To the editor:

I went to the Aug. 20 meeting at NOAA regarding the lobster trap lines and the entanglement of the right whales. Last year, three of the six whale deaths that happened in Canada were due to ship strikes, not entanglement. I disagree that doubling traps on the lines is one of the solutions. More boats could be coming back inshore, as longer trap trawls cause more expensive trawl entanglements offshore. These entanglements can lead to cut lines and lost trawls (ie. ghostnets). Doubling traps won’t lead to landing more lobsters either. This mandate is an unjust burden on lobstermen. As previously noted in the Gloucester Daily Times, Larry Stepenuck brought up the problem of the mussel farms and their spat lines – another potential cause of whale entanglements. What! Is nobody hearing him? I think lobsterman Mike Goodwin also brought up a good point, when he said “I can find any boat in America on my cellphone.” Why can’t we track these whales? All this technology, and this is the best you got?”

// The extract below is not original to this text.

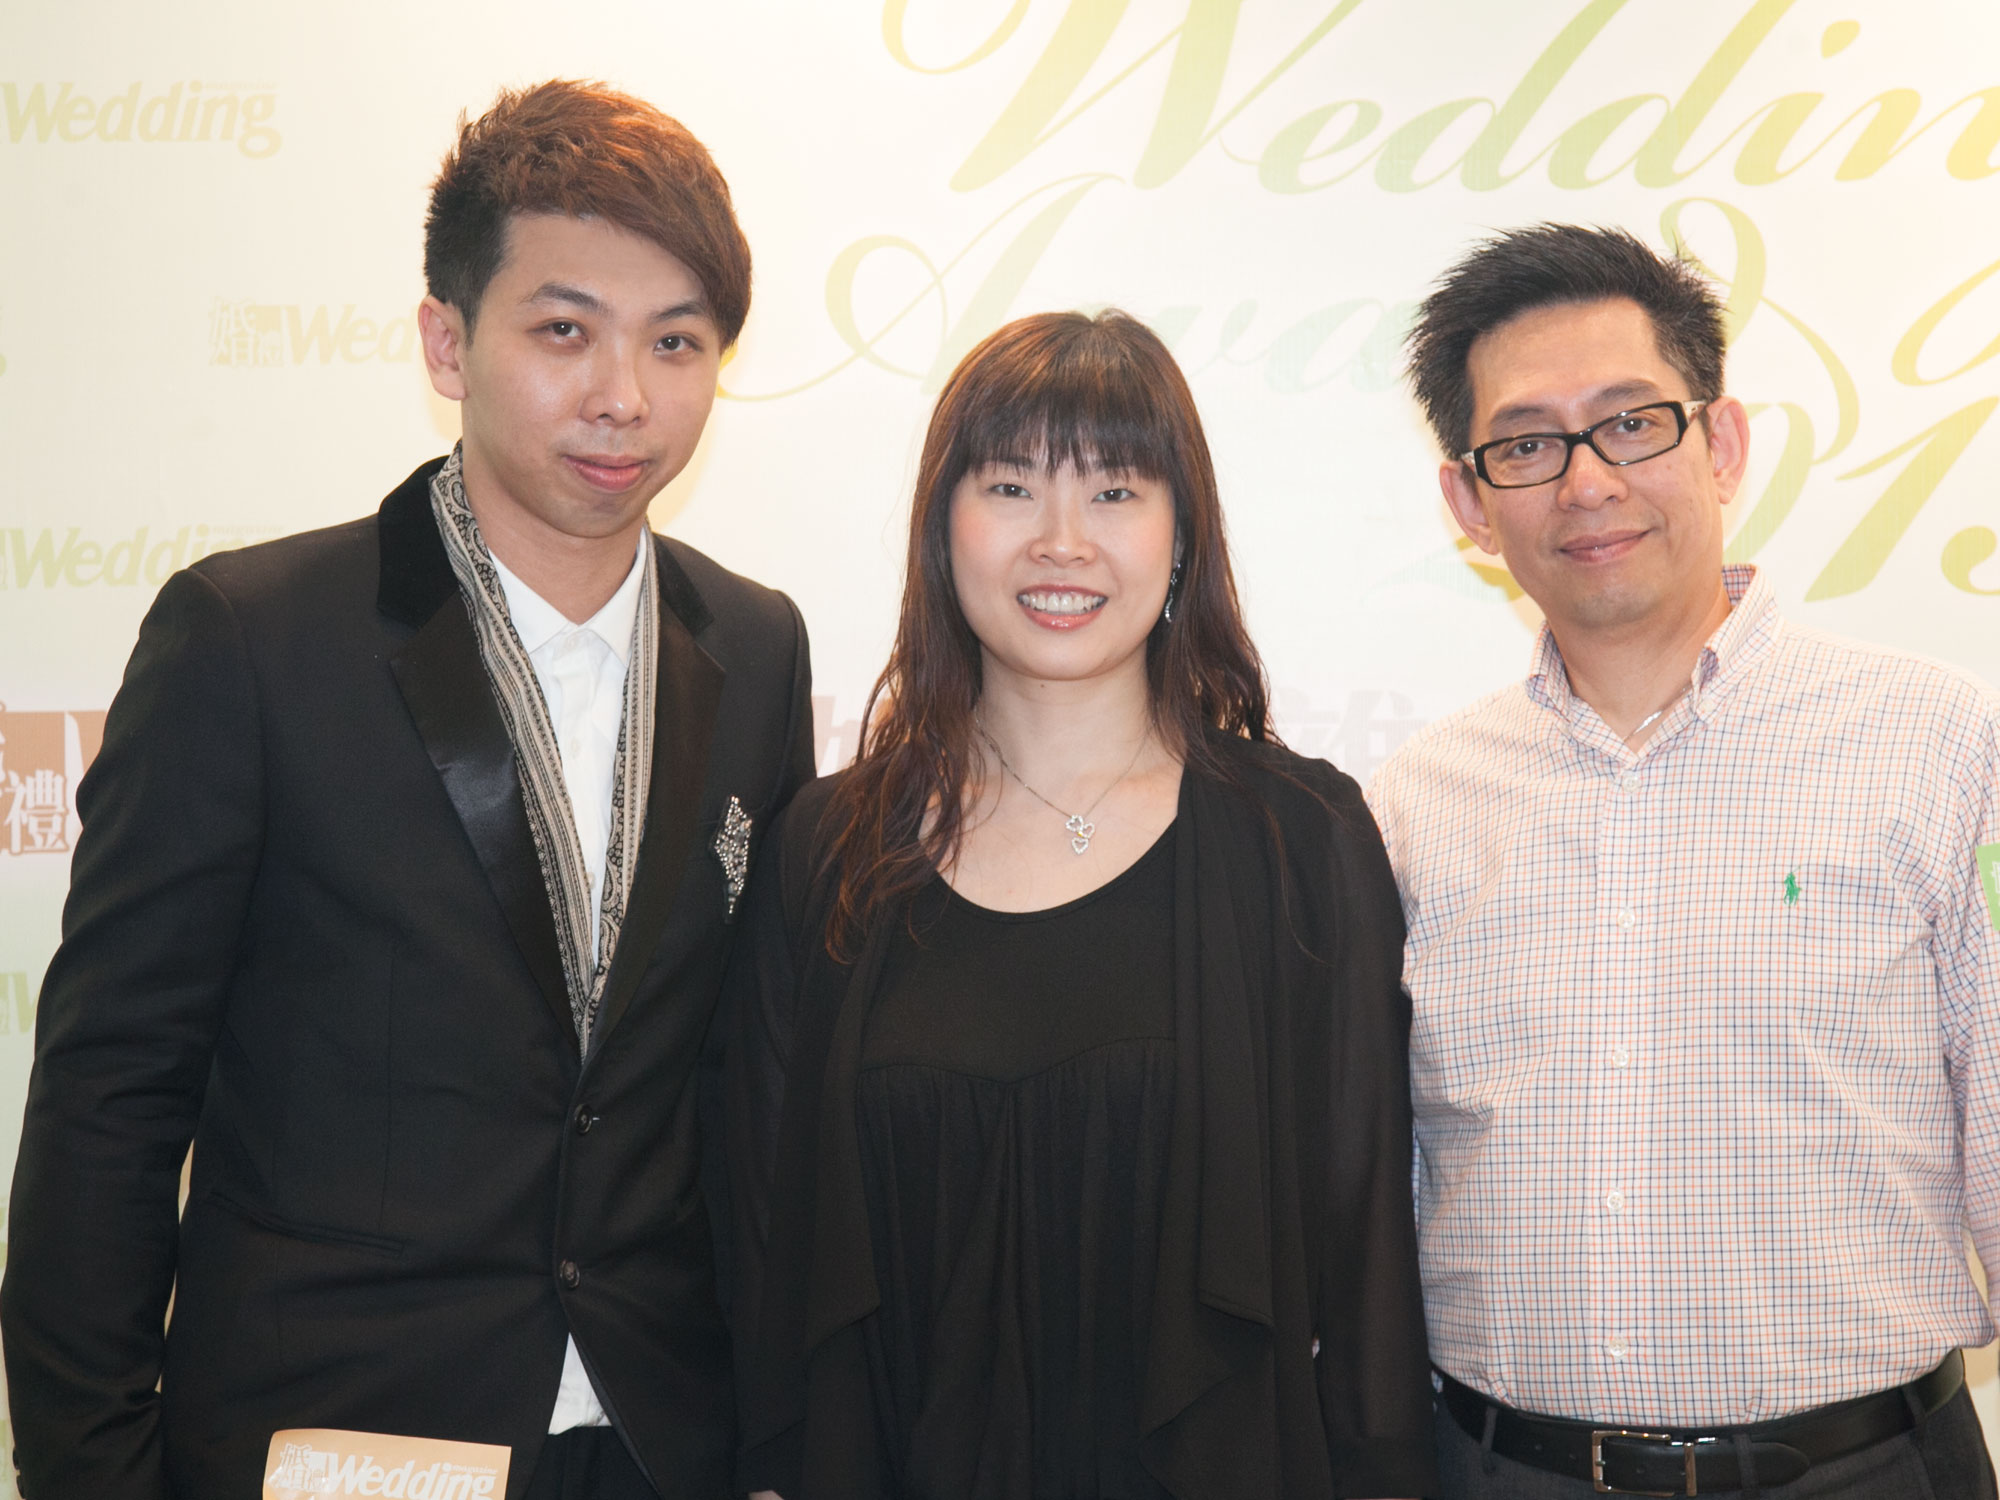 欣蕎婚紗的 Rebecca 及 Stephen 與婚禮雜誌的 Sales & Marketing Manager Ivan Chan合照

Gov. Janet Mills of Maine wrote a great letter to the lobster industry on federal whale regulations. She ended it by saying “My administration will not allow any bureaucrat to undermine our lobster industry or our economy with foolish, unsupported, and ill-advised regulations. I stand with you, and I will do everything I can as your governor to protect your rights and your livelihoods and defend Maine’s lobster industry in the face of absurd federal over-reach.”

Nobody is talking about a study in the New York Times (May 2014) regarding the massive kill of plankton from the 200 million gallons of oil that was spilled into the Gulfstream by the 2010 Deepwater Horizon oil platform disaster or regarding the neurological damage to the cleanup workers. These plankton represent a vital food source for the whales. Meanwhile, Irving Oil is currently funding the whale research. How screwy is that? The whale researchers were mum regarding the detrimental effects on the whales from the oil spill and applied dispersants as a reason for critical change in whale behavior, food sourcing and birthing rate. Instead, they are going after the unchanging or declining number of lobster buoy lines.

There is a bigger picture going on here. The big corporations have raped the land, and now they are going after the ocean. It’s a gold mine out there. The big oil rigs with their seismic testing, wind farms, fish farms, mining of the ocean floor, etc., want a piece of the action, and those pesky lobstermen are raining on their parade. I think Gov. Charlie Baker should put his foot down on this ridiculous mandate like Gov. Mills did in Maine. They don’t care about the whales; they just want the ocean to exploit. They are seeing big dollar signs — the hell with the environment — more pollution and more money to be made. It makes me sick to watch this happening in my backyard.